Moderator's Comments:
Mod Comment Please use code tags next time for your code and data. Thanks

Last edited by vbe; 11-08-2014 at 08:53 AM..
# 2  
Old 11-08-2014
You will find many examples in these forums for this kind of problem. In this case, you could try:
Code:
awk -F, 'NR==FNR{A[$1]=$3; next} $1 in A{$1=A[$1]}1' FS=, OFS=, file2 file1

which would produce:

Code:
WB1,Branchname1,city,country
WB2,Branchname2,city,country
WB3,Branchname3,city,country
B4,Branchname4,city,country
B5,Branchname5,city,country

or :
Code:
awk -F, 'NR==FNR{A[$1]=$3; next} $1 in A{$1=A[$1]; print}' FS=, OFS=, file2 file1

which would leave out the non-matched records:
Code:
WB1,Branchname1,city,country
WB2,Branchname2,city,country
WB3,Branchname3,city,country



--- Edit ---
There appears to be an error in the second sample file.

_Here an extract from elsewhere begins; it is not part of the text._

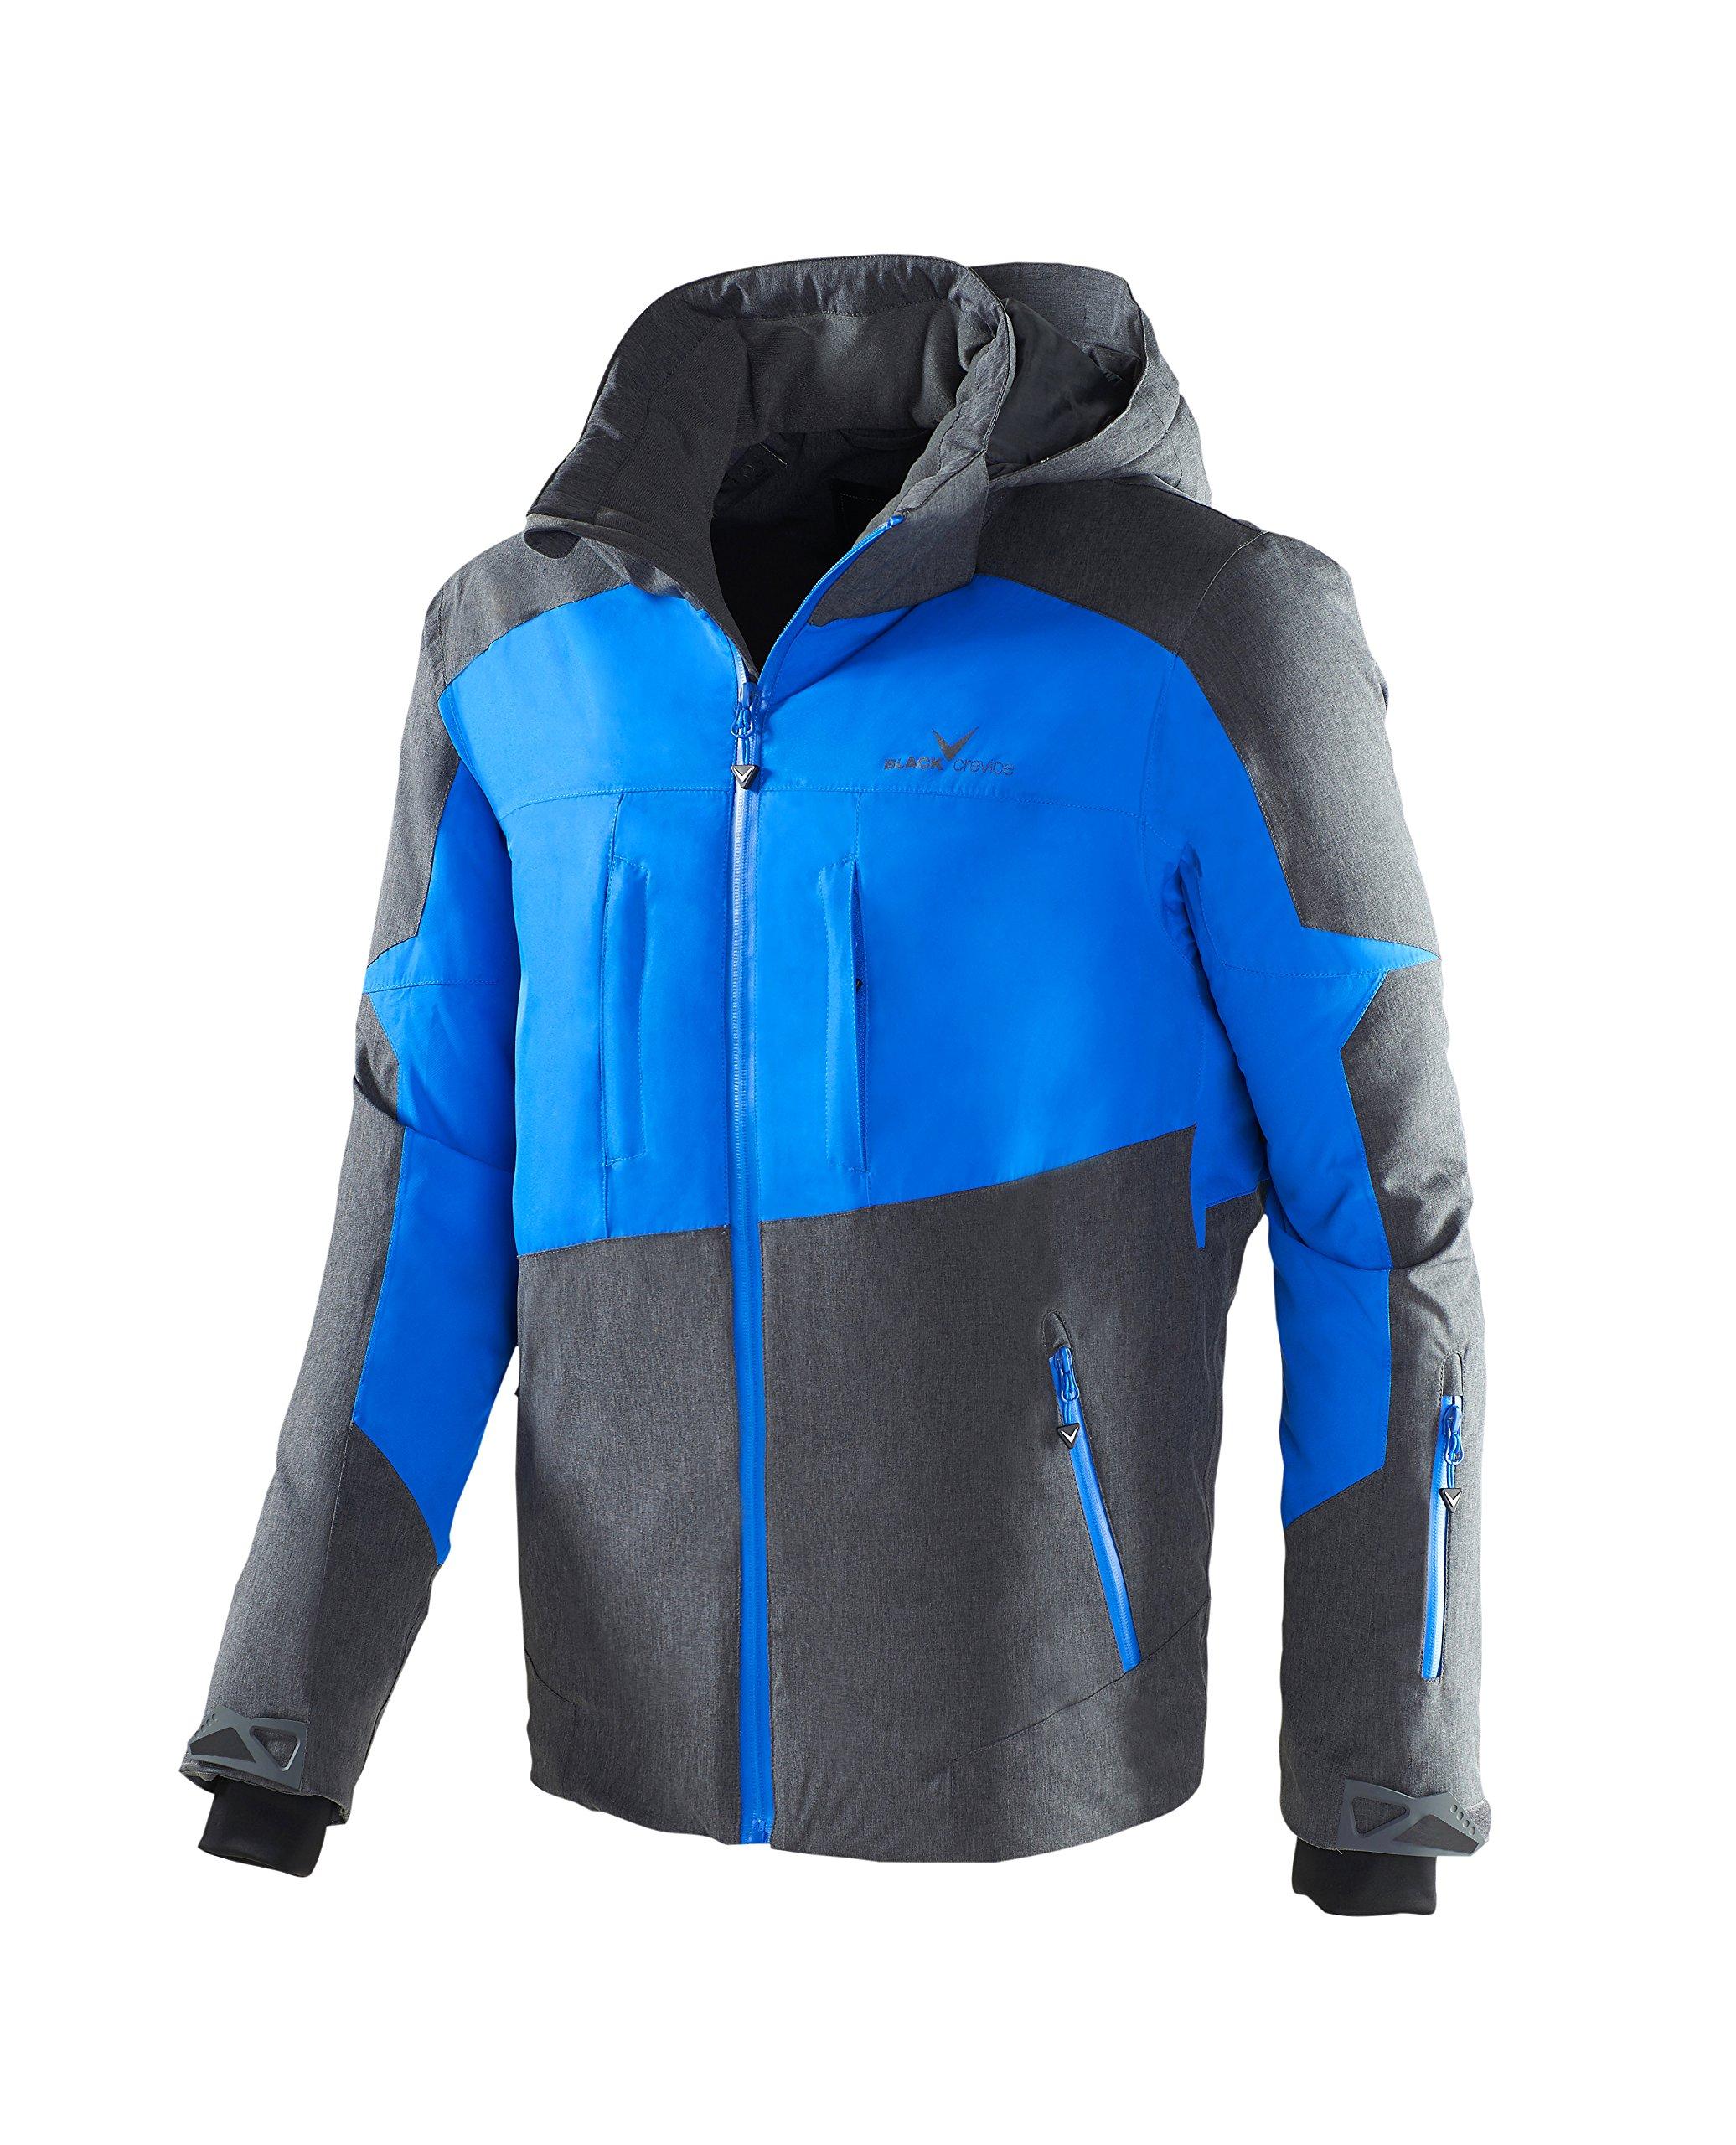 Black Crevice Herren Ski- und Snowboardjacke, BCR251004, mehrfarbig (grau/blau),

I presume it should be:
Code:
B1,B1A1,WB1,WB1A1
B1,B1A2,WB1,WB1A2
B2,B2A1,WB2,WB2A1
B2,B2A2,WB2,WB2A2
B3,B3A1,WB3,WB3A1
B3,B3A2,WB3,WB3A2


Last edited by Scrutinizer; 11-08-2014 at 08:01 PM..
This User Gave Thanks to Scrutinizer For This Post:
# 3  
Old 11-19-2014
Hi Scrutinizer,
Code:
awk -F, 'NR==FNR{A[$1]=$3; next} $1 in A{$1=A[$1]; print}' FS=, OFS=, file2 file1

is working perfectly. Can you please explain the command and its working?

Thanks,
satece

Last edited by Franklin52; 11-19-2014 at 12:16 PM.. Reason: Please use code tags
# 4  
Old 11-19-2014
Please use code tags as required by forum rules!

Code:
awk -F,                         # run awk and set field separator char
'                               # quote the entire script
NR==FNR {A[$1]=$3; next}        # for the first file, i.e. the file's line no. equals the overall line no., keep field 3 in array A indexed by field 1, stop processing this line, jump to next line
 $1 in A {$1=A[$1];             #  if field 1 points to an entry in A, replace it by that A entry's  contents
          print}                # and print this line
'                               # quote the entire script
FS=,                            # set field sep. again (pointless)
OFS=,                           # set output field sep.
file2                           #read and process file 2 first
file1                           # process file2

This User Gave Thanks to RudiC For This Post:
# 5  
Old 02-05-2015
Hi,

Similar to the above post, we are filtering the lines based on the 2 columns.

Input file1

Code:
a1,b1,1
a2,b2,2
a3,b4,3
a4,b3,4

Input file2
Code:
5,a1,b1
6,a2,b2
7,a3,b3
8,a4,b4

The requirement is to filter the records from the file1 when col1 and col2 of file1 matches with col2 and col3 of file 2 respectively.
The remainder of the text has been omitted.